Both of us do joke around sometimes but I am aware that the motive behind that is just to make both of us feel more at ease around each other and so that we don't feel awkward. I feel absolutely nothing about him. When I look at him I feel neither love nor hate. It's almost as if my mind is in some sort of confusion, my brain as no idea on how to regard Lucifer. Should I think of him as a friend or an acquaintance? Maybe I should think of him as just a stranger who I have married? But what gives me relief is the fact that I am pretty sure that these feelings are mutual. I think that Lucifer is in as much confusion as I am.
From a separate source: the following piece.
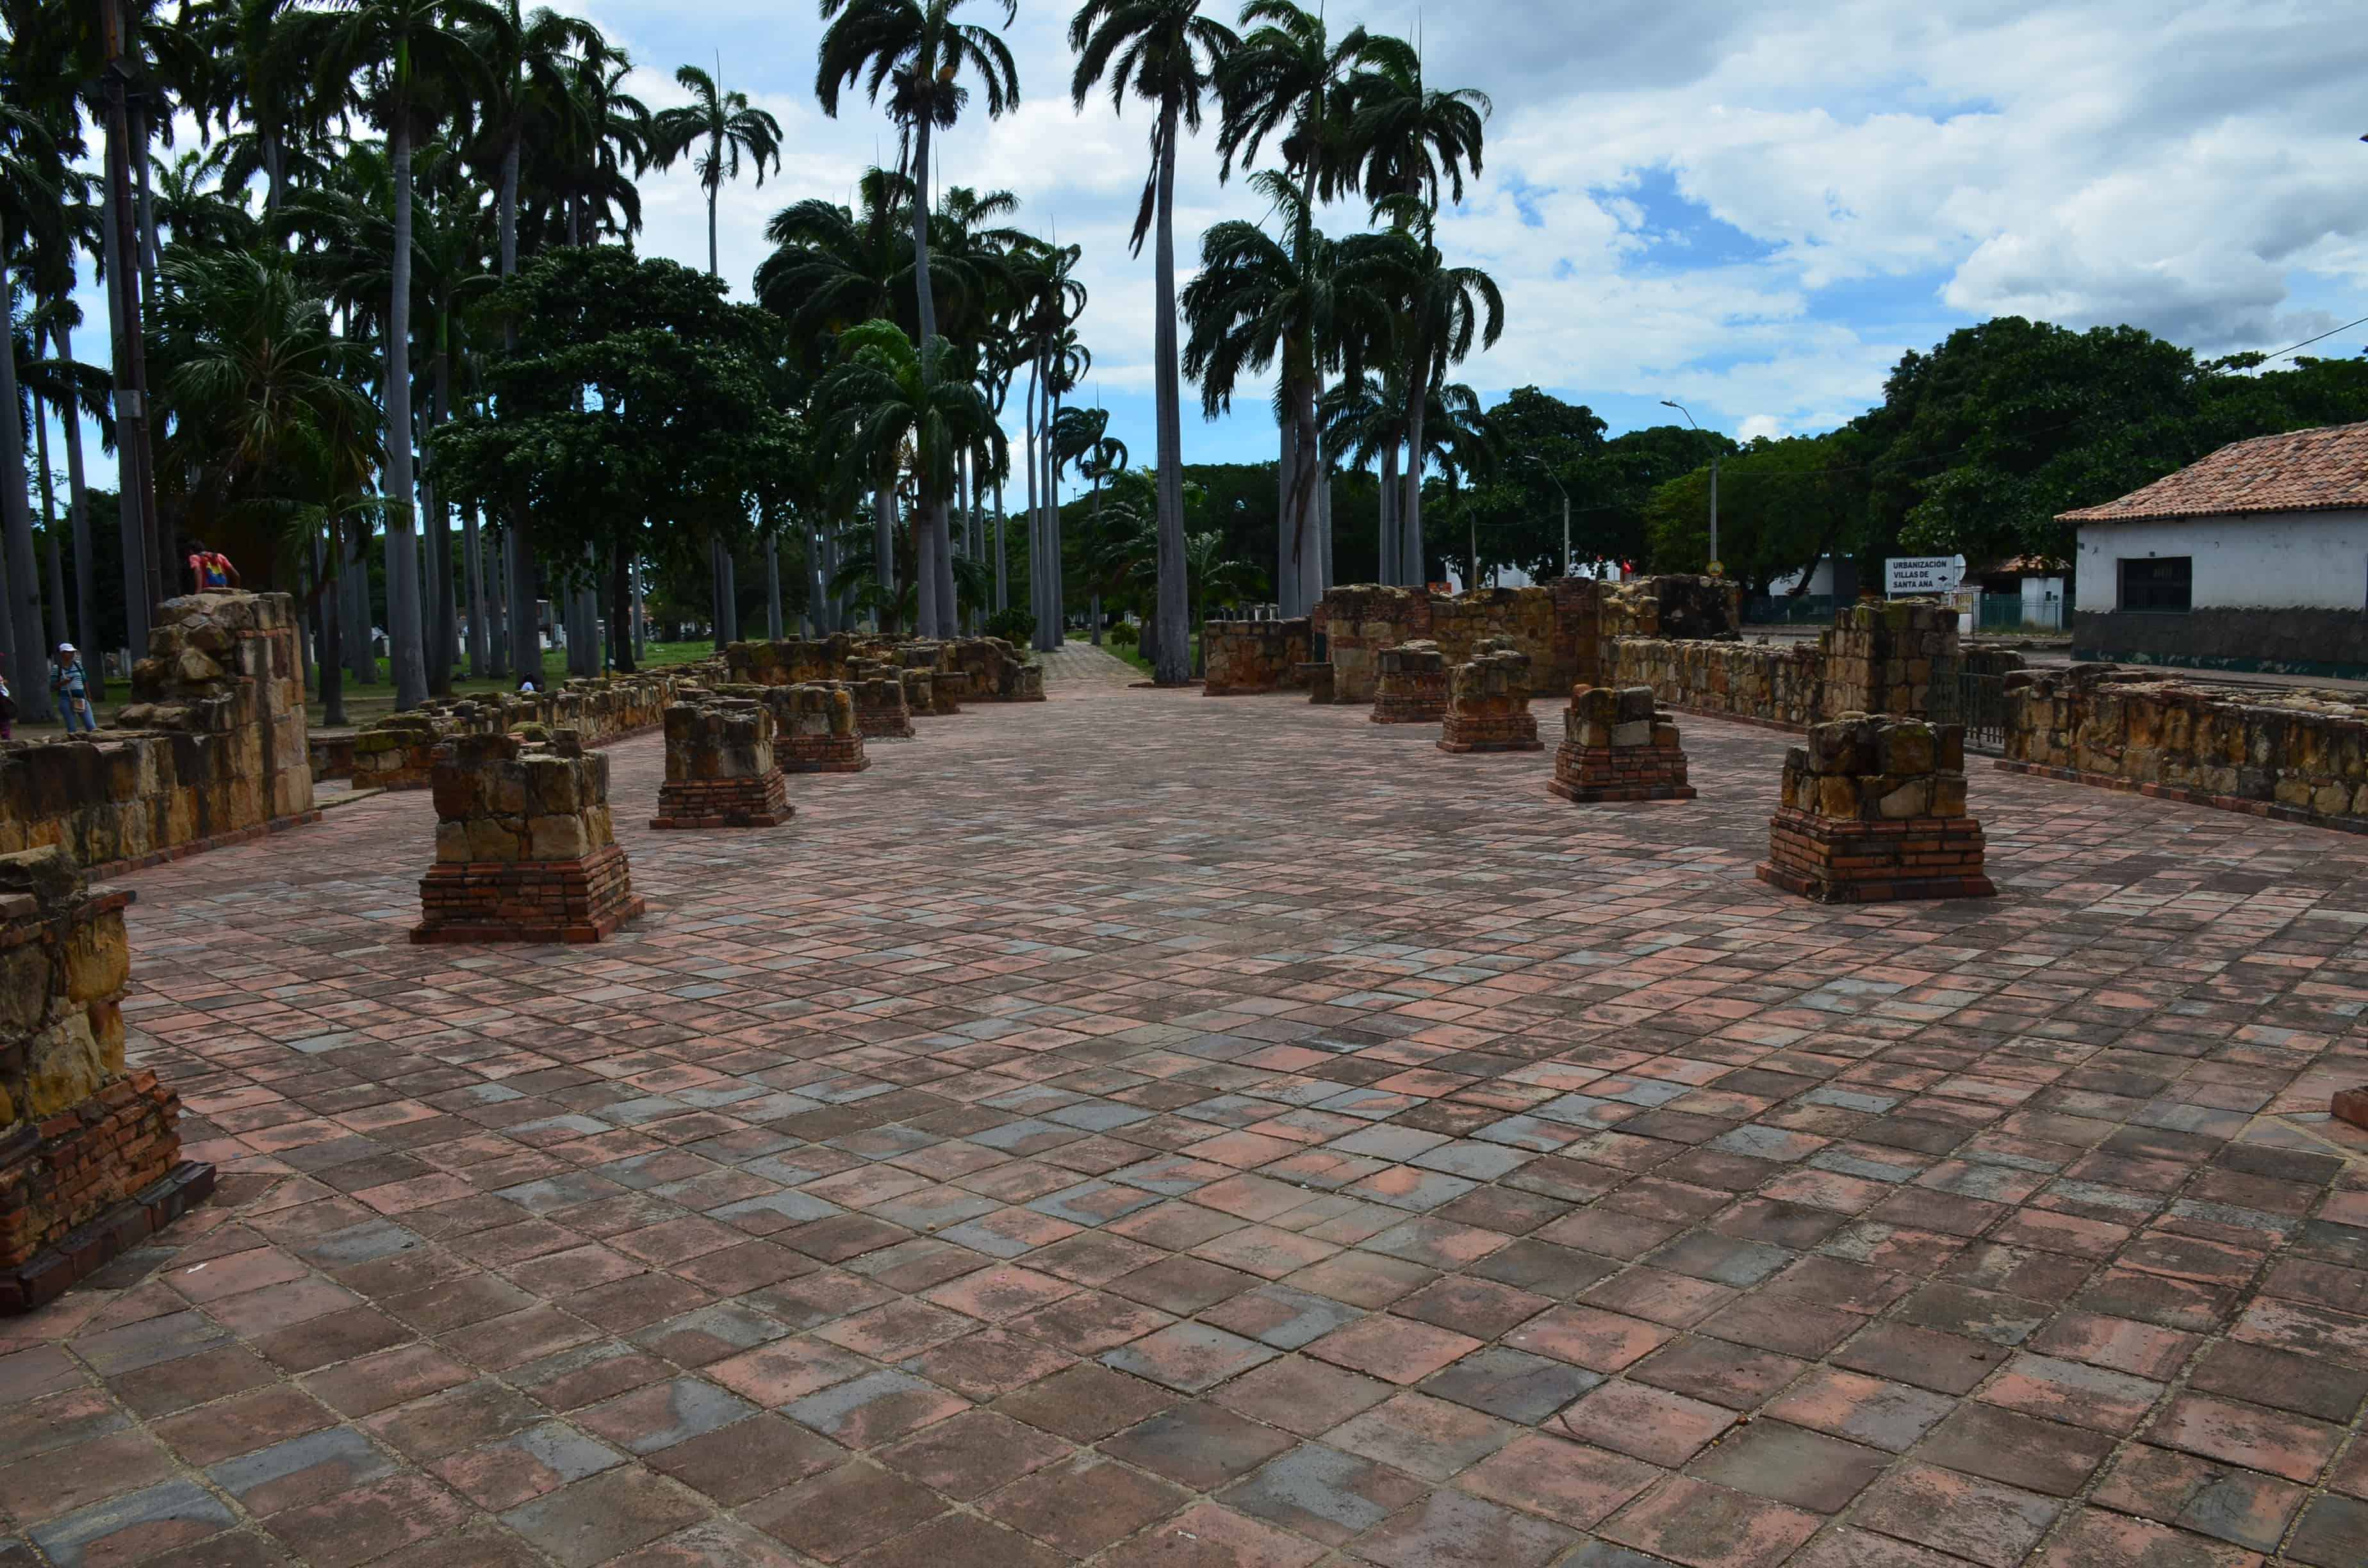 The former nave of the Historic Temple at Gran Colombia Park in Villa del Rosario, Norte de Santander, Colombia

But this is not the main problem. The problem is the fact that there is a chance that we might get divorced. I would be completely fine if something like that were to happen but what I am worried about is my mom and dad's reaction. They did tell me that if I am not happy or if I have any other problem,then they would help me get a divorce which I am sure they would. They are very modern in their thinking but I know that no matter what they say, they still feel that divorce is a huge thing and I am not saying that it isn't but with our circumstances and the way in which we got married, it would not be very strange if we decided to separate. In fact we could even get divorced today or tomorrow for all I know. But what if my parents blame themselves for my divorce? As in the end it was them who brought this weird marriage proposal to me.

' Ugh! Why in the world did I get married in the first place! All this is just too much for me to handle. I'd rather go to the hospital and perform a few surgeries... ' I thought.

While I was lost in my train of thoughts, I had subconsciously turned my head away from the window, and had started staring at Lucifer with a frown on my face.

" It hasn't been 24 hours since we got married and you are already thinking about a divorce? " Lucifer said.

My eyes widened and I said, " How in the world did you know that? I KNEW IT!!! You can read minds, can't you? "

" Like I said before, it is pretty easy to guess what you're thinking. " He said calmly.

" No it's not. No one, and I mean absolutely no one, not even my own parents are that good at guessing what I am thinking. Much less you, someone who I have known for such a small time. "

" Well..... then maybe I really can read minds and I was hiding this secret for a very long time but then you came and unveiled the truth. "

" Ugh! It's not even been 24 hours and I already feel like I am going crazy because of you. This is not a movie you know. " I said as I massaged my temples.

" That's exactly what I am trying to tell you, this is reality not some movie or novel which means that I cannot read minds and that we will not divorce today or tomorrow or after a year. A divorce is way too much of a hassle and I have absolutely no time for that. Also I would not divorce you just because of a petty reason you know. "

" Hmm.... You're right. "

" I know. "

This is exactly what I was talking about earlier. We are both acting nicely around each other and are joking every now and then as we know that the probability that we would have to spend the rest of our lives with each other is very high. I mean, we can't keep each other at arms length forever, can we?

Soon we reached my parents's house. I was still worried about what was going to happen.

' Let's just hope for the best. ' I thought.